Ligatures prove a challenge
An important issue highlighted by the VIGC test is the difficulty in converting ligatures. A ligature is a “combined glyph”—two or sometimes three letters that have been joined together for aesthetic reasons.
“A good example is the combination of the letters ‘f’ and ‘I’,” continues Hagen. “In the text we wrote, there were the word profiles where the ‘f’ and ‘i’ were replaced by one glyph, the ligature. But in some EPUB files we found ‘profles’ instead of profiles’—the ‘i’ had been dropped.
“Some conversion tools didn’t recognize the ligature and made an incorrect conversion. The automatic use of ligatures is the default in Adobe InDesign—i.e. InDesign will automatically replace certain combinations with the ligature—so you can imagine how often this happens in a document, and how often this will go wrong with some tools. You need to scan the converted files manually to check for missing letters, which simply isn’t feasible.”

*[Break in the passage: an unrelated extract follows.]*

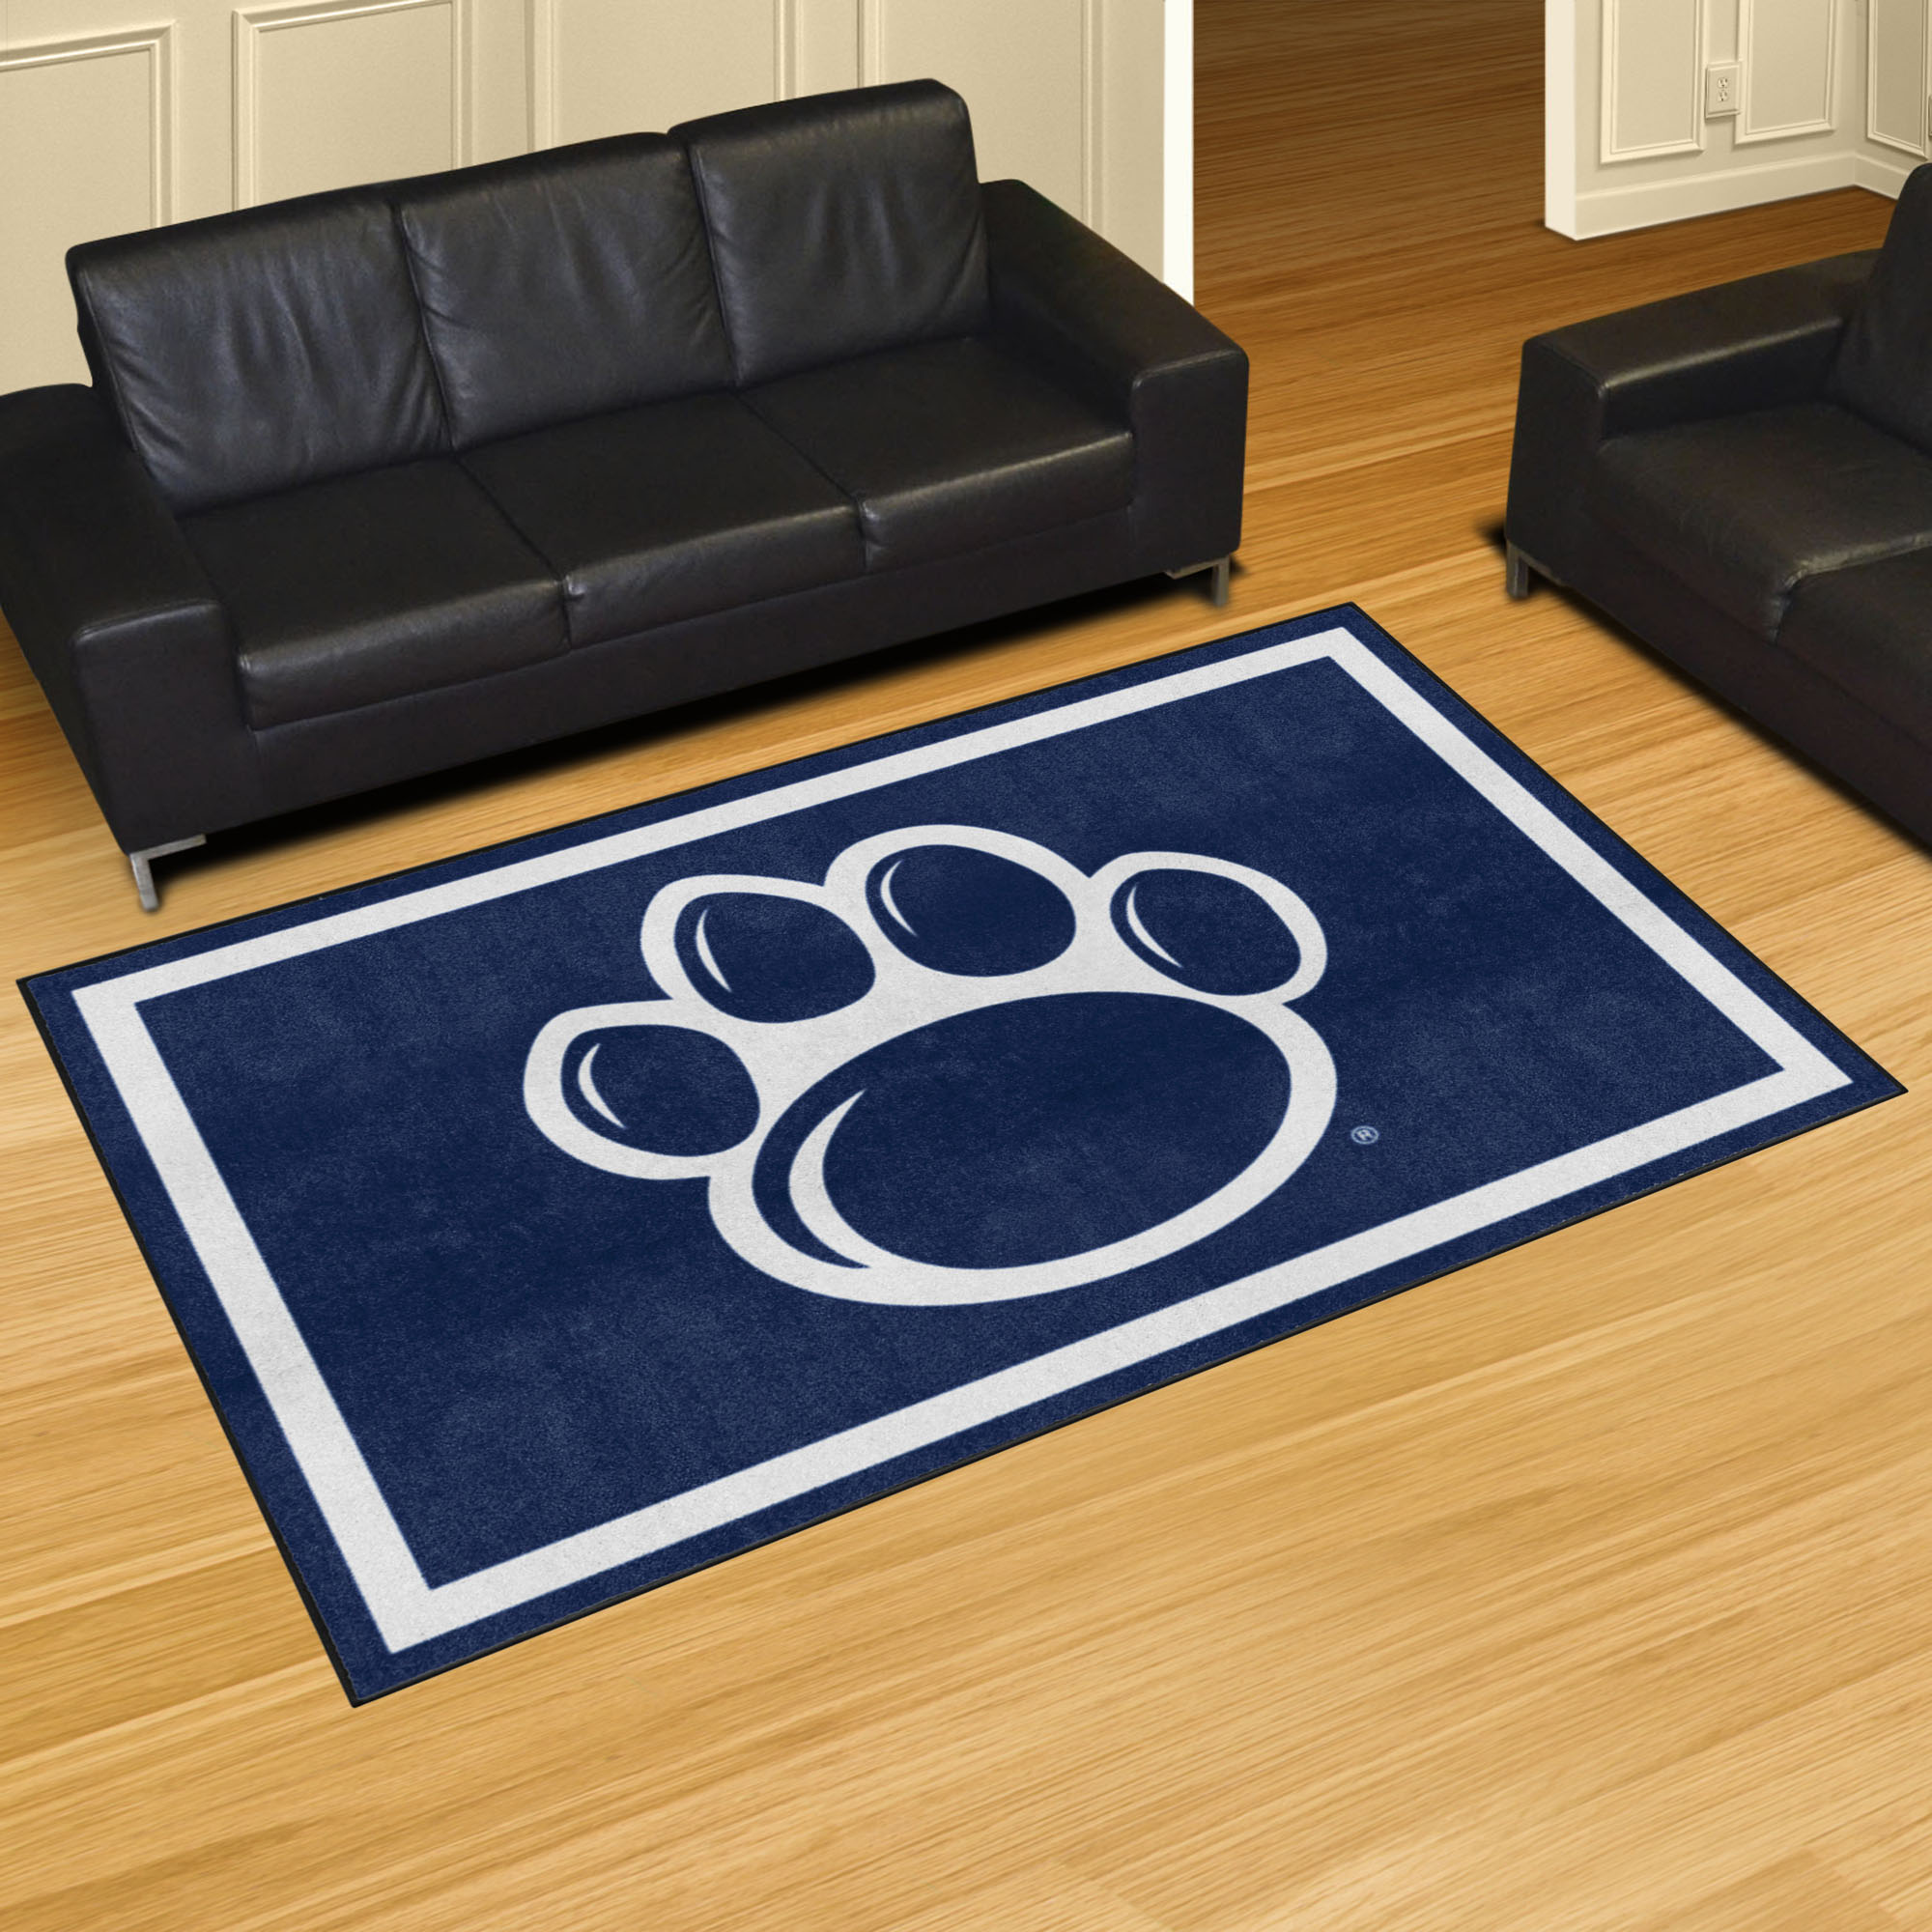 Penn State Nittany Lions Area Rug - 5' x 8' Alt Logo Nylon

Validation misses the mark
According to Hagen, validation tools pose an even bigger problem. “What amazed us the most was the validation of the EPUB files. Validation was a standard practice in our test, a simple way to partially check the quality of the conversion. We used four different validation tools and got different results.
“Some tools could validate one EPUB file, while another tool couldn’t. And the differences were inconsistent too—it wasn’t a case of one tool always being different from the other three. Based on our results, publishers face a big challenge in ensuring EPUB files—and subsequently the ebooks themselves—have been converted accurately.”
The complete report with detailed test results can be purchased from the VIGC. They will also continue their search for good tools for EPUB-creation, to further support publishers and printers.